On Sun, Apr 28, 2013 at 8:14 PM, Patrick Walton <[email protected]> wrote:

>
>
> > Is
> > there some way to make it just work, no matter what kind of strings
> > you're comparing?  Perhaps "foo" == (*x) would work, for example?
>
>  That doesn't work, because it makes the dynamically sized `str` a type,
> which is incoherent. (It would lead to dynamically sized stack frames, or
> structs or enums with infinite size, and so on.)
>
>
Couldn't this be relaxed? In other words allow dynamically sized `str` as a
type (and perhaps similarly for other dynamically sized types), but
prohibit those things specifically which would be problematic, i.e. using
it in ways that would require knowing its size?
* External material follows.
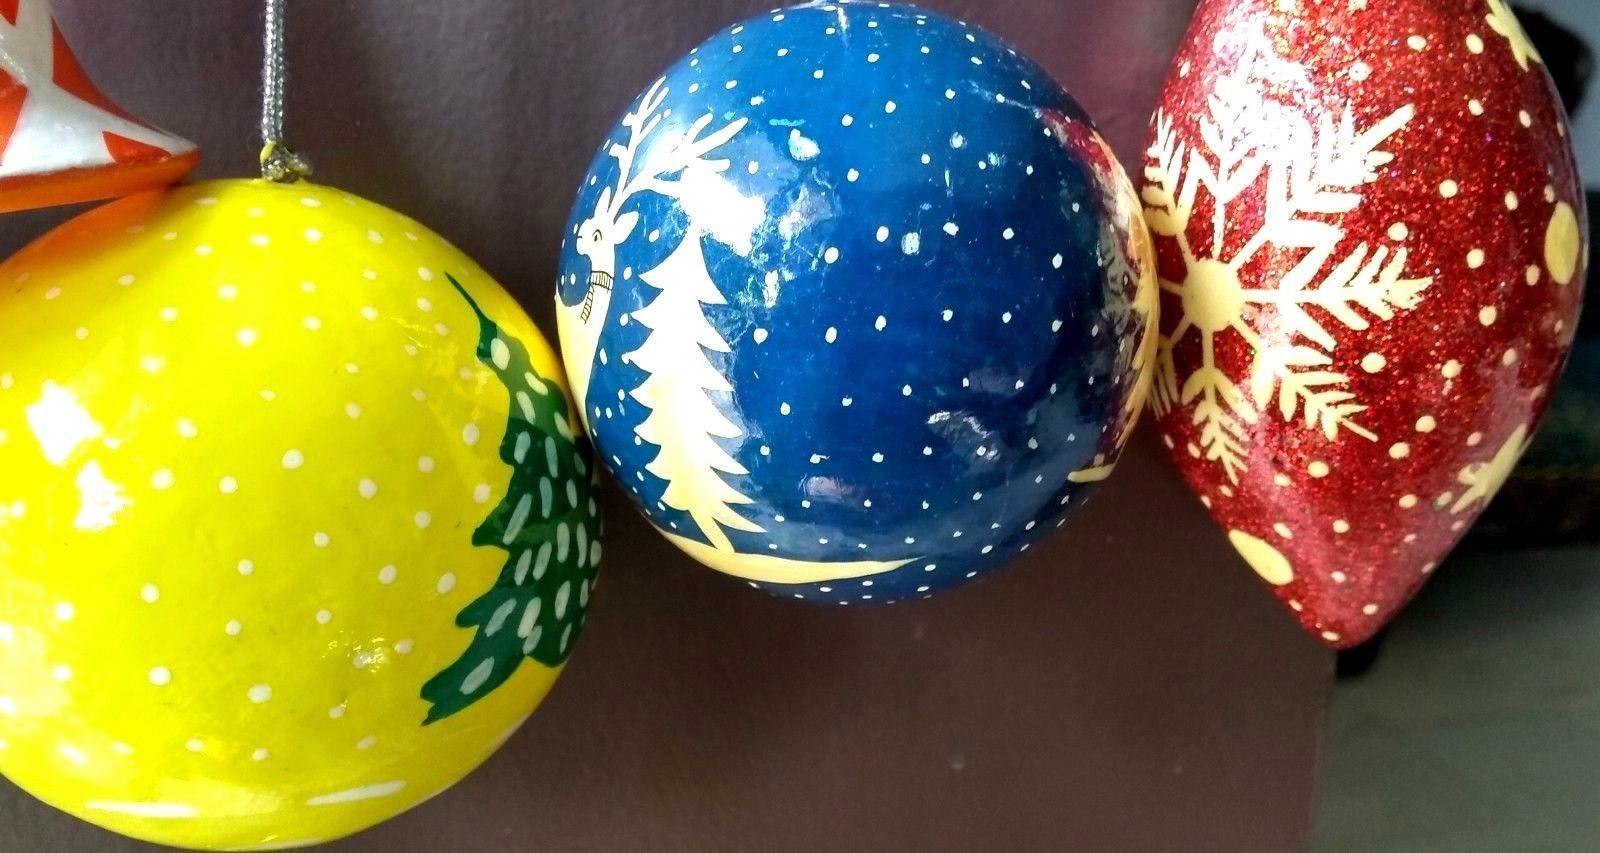 6 pc Christmas tree decoration ornaments paper mache balls bells heart star
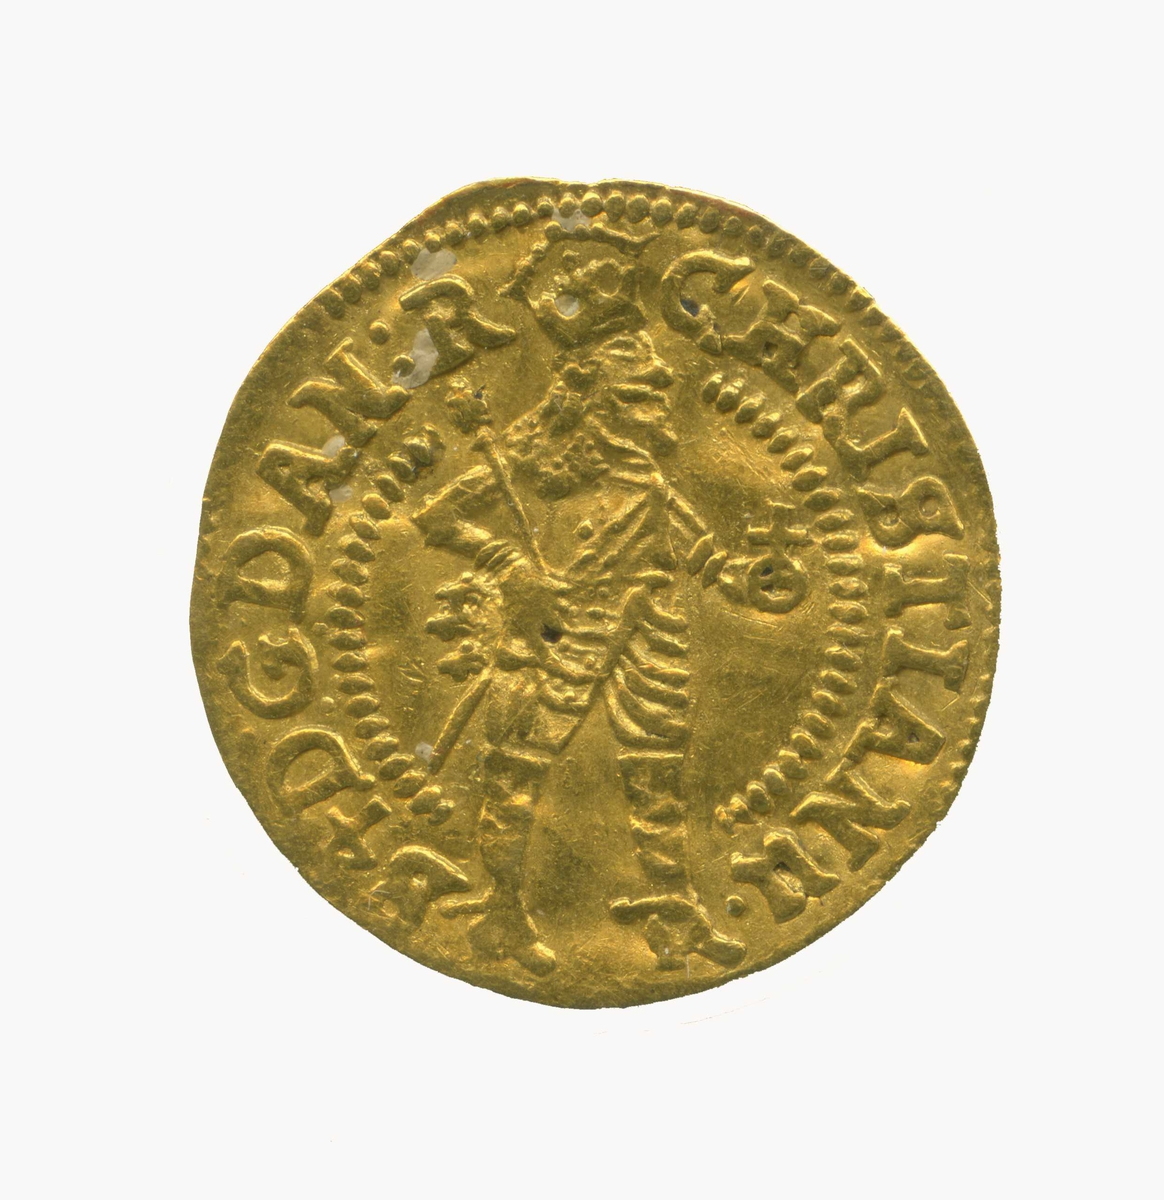 Adv. Konge med krone, septer og rikseple. Rev. Brille over tekst på den ene siden.

I think this would
essentially mean no variables, members, or parameters of that type, but you
*could* use it as a type argument -- including to the various pointer type
constructors. You might also have a rule whereby dereferencing a variable
when the result would be a dynamically-sized type is allowed *if* the
result is immediately borrowed. Then instead of `impl Eq for {@str, ~str,
&str}`, you would have just `impl Eq for str`, and if you want to compare
an ~str you dereference it.  Which seems logical to me, after all
ostensibly you want to compare the contents and not the pointer.

-- 
Your ship was destroyed in a monadic eruption.